The source of that debate comes from the titles that advisors have because it’s possible someone who calls themselves a financial advisor could be a life insurance salesperson, or a salary-based advisor, all of which have different ways of doing things.

Knowing what’s important

Being aware of that debate within the advising community itself could prove beneficial for reverse mortgage professionals, Parker said.

“It’s very important for somebody that wants to target financial planners, or work with financial planners in their core business to really understand those mechanics,” he said. “[But] for those that don’t have that ability, the willingness or even aptitude to get that deep into the weeds with that, it’s just about understanding what some things are that are important to all advisors.”

One topic of conversation that planners could find valuable comes in the form of long-term planning discussions, Parker said.

“That’s something that is a critical part of the plan, and that’s because, from accumulation to decumulation, that conversation is pretty simple,” Parker explained. “We’re talking savings rates, [actual] and projected rates of return, and risk in the portfolio as you reach retirement.

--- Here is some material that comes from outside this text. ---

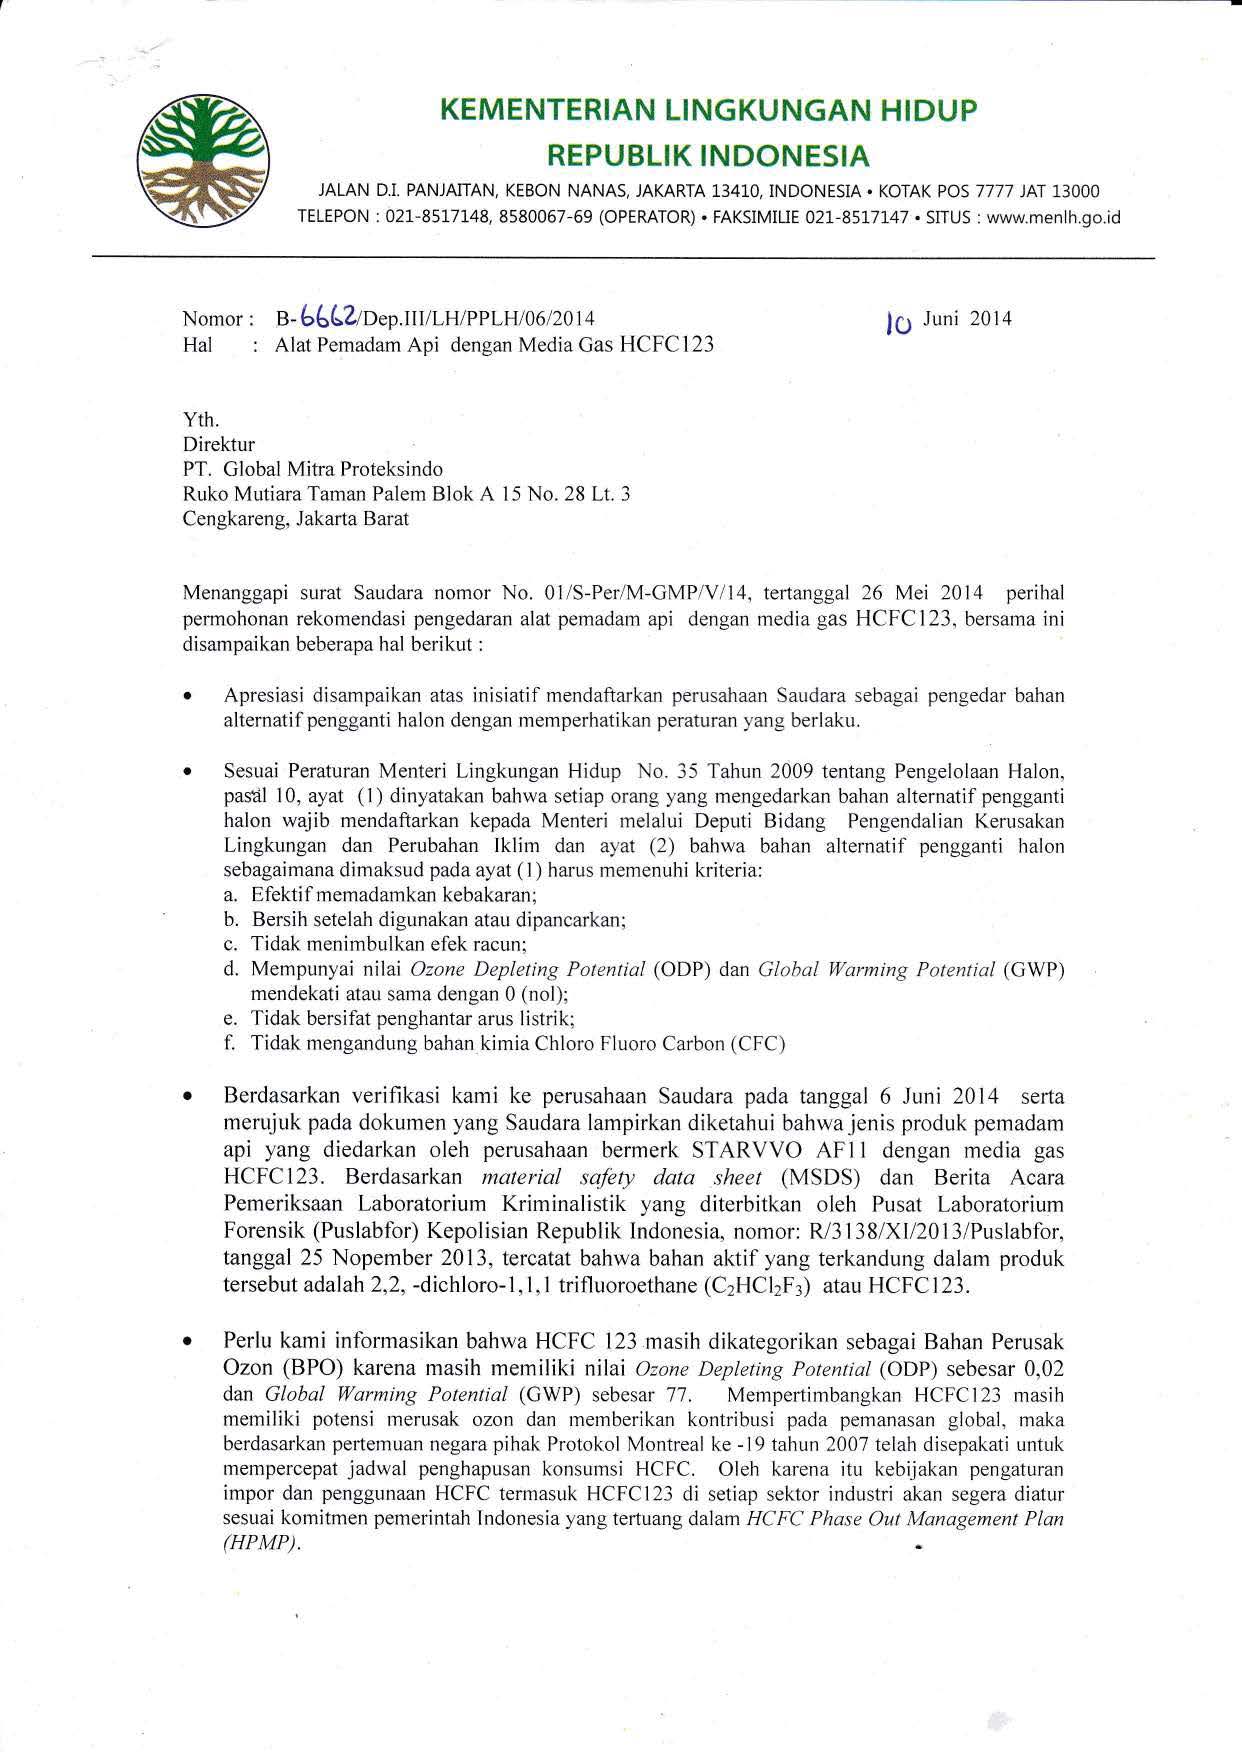 Surat rekomendasi kementerian lingkungan hidup tabung pemadam api Starvvo AF11

Then, things get a little bit more complicated, because now [a client will] have X amount of assets and X amount of income. How do we make this last? And what are those risks that come up from retirement to death, essentially, which is as long as that money needs to last in most cases?”

Long-term care remains an unknown risk for many financial advisor clients, and mitigating unknown risks is a key goal that advisors have in managing their clients’ finances, Parker said.

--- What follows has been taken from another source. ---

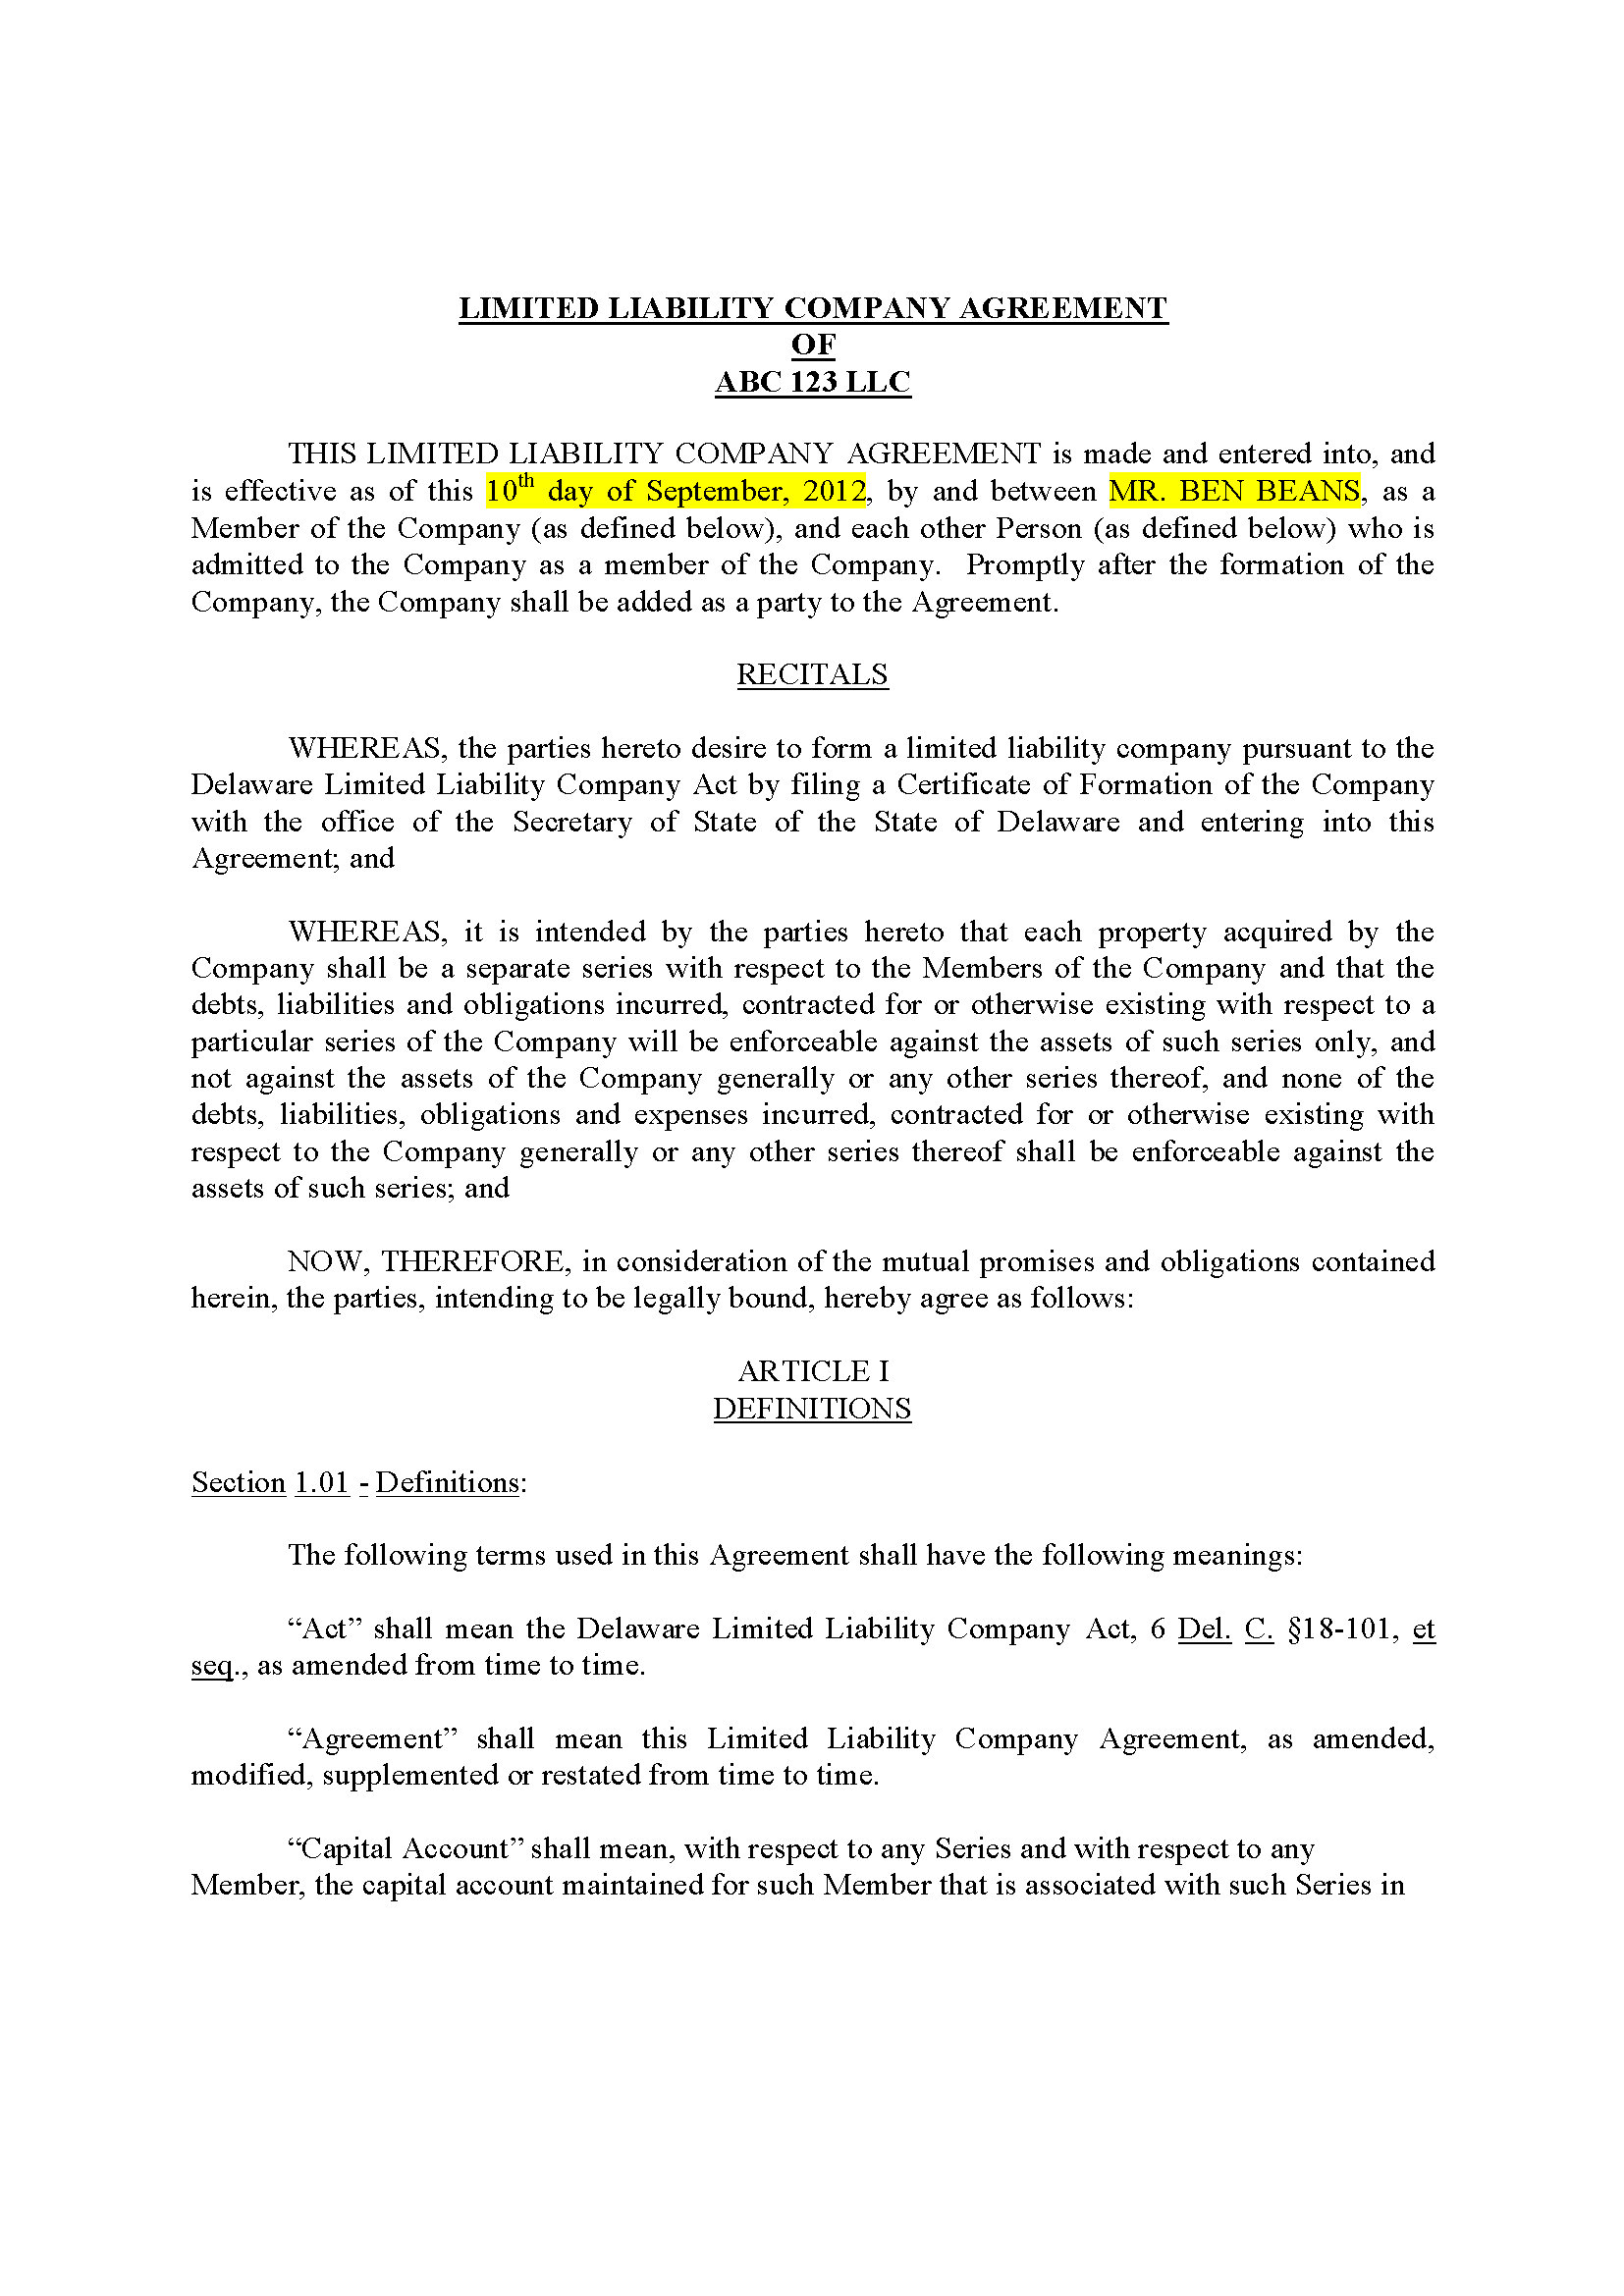 Michigan LLC Operating Agreement (17 pg)Private Placement Memorandum

“It’s important for reverse mortgage professionals to understand at least that part of the conversation that the advisors are having,” he said. “Even if they don’t have that background themselves, advisors are typically willing to share their experiences. You’ll hear some really interesting stories that people have related to those long-term care conversations, and even the solutions that are being used out there in the market.”

A ways to go

When asked if the relationships between financial advisors and reverse mortgage professionals might have become more normalized over the past few years, Parker said those relationships still have some progress to make, since it’s still an “arm’s length” relationship that advisors are most likely to have with reverse mortgage professionals.

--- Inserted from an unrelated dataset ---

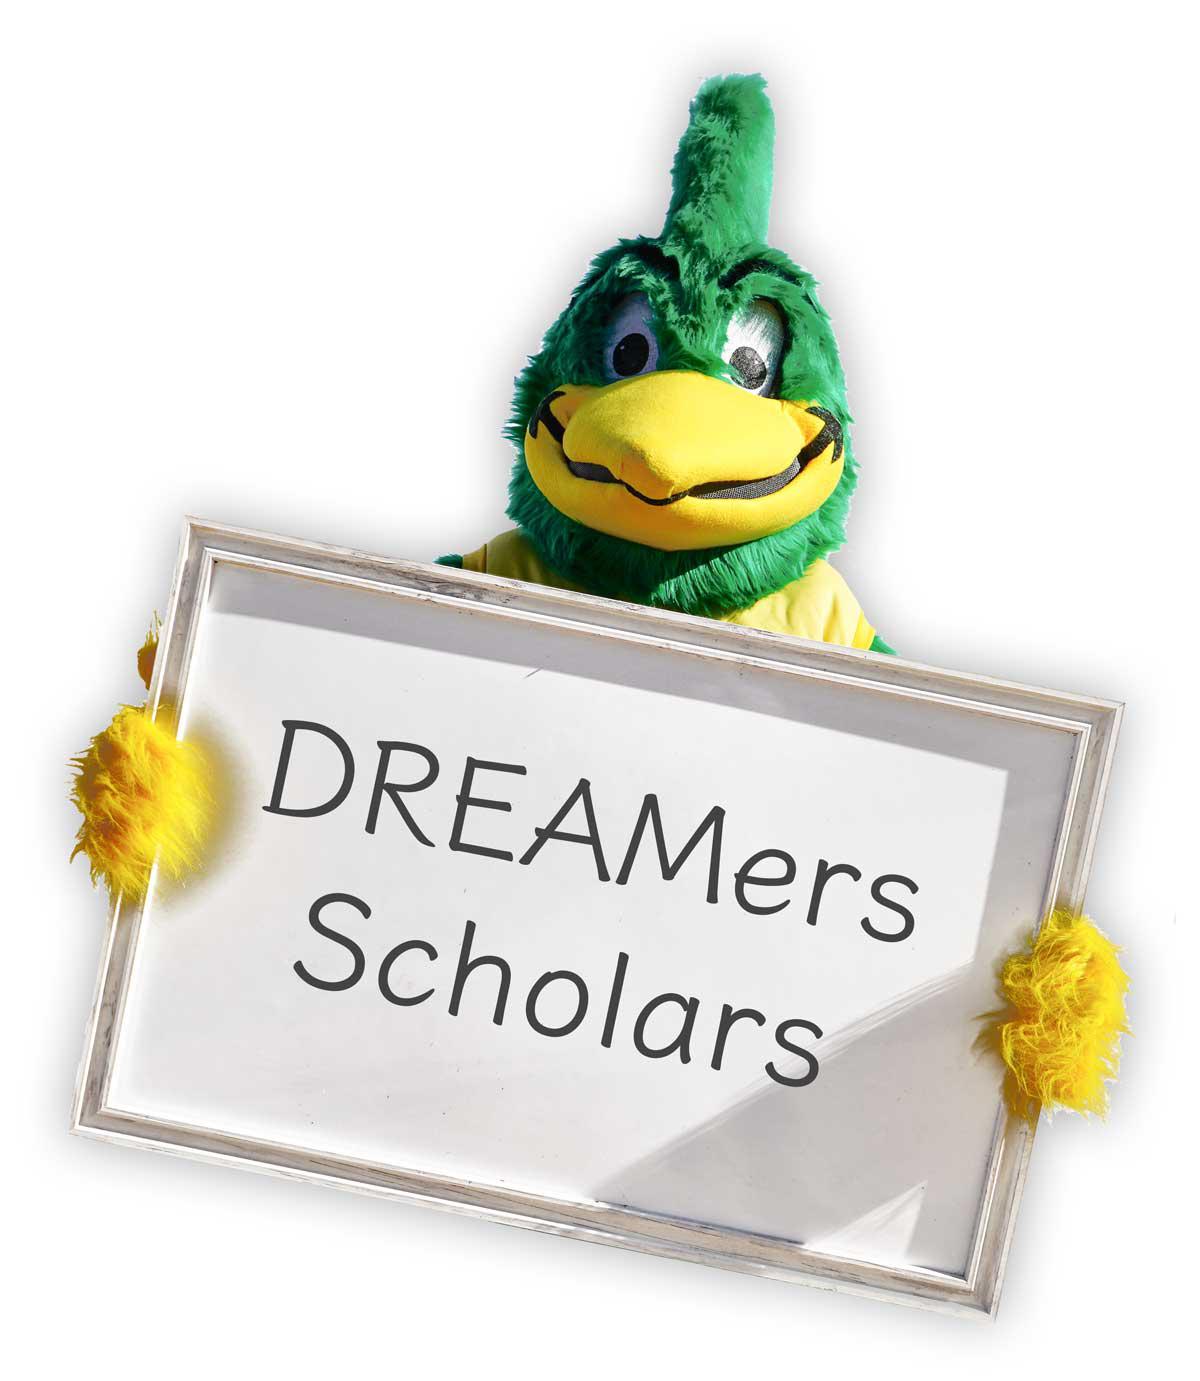 DREAMers Scholars

Parker has also heard frustrations from people in the reverse mortgage business about connecting with advisors, but another thing they need to understand is that reverse mortgages are likely to only apply to a small segment of the people they’re aiming to connect with for advisor services.

“From the advisor standpoint, the advisor may be targeting anybody aged 18 to 100,” Parker said. “So, the reverse mortgage solution [applies only to] a small segment of the people that they’re talking to. Even beyond that, then it’s the clients 62 or older that have enough equity or plan to stay in their home in most cases. That whittles it down even further.”

Understanding that dynamic could help reverse mortgage professionals to understand more of the advisors’ mentality if they have a tough time making a connection, he said. 

“From an advisor standpoint, it’s a very small segment of the scope of clients that they’re talking to,” Parker explained. “And so, that’s one reason that they don’t really take [reverse mortgages] that seriously because they don’t really need to, it just doesn’t come up very often.”

There are also a lot of other professions aiming to set up their own partnerships with advisors. Knowing that landscape could be beneficial for a reverse mortgage professional aiming to determine the best way to engage with an advisor, Parker said.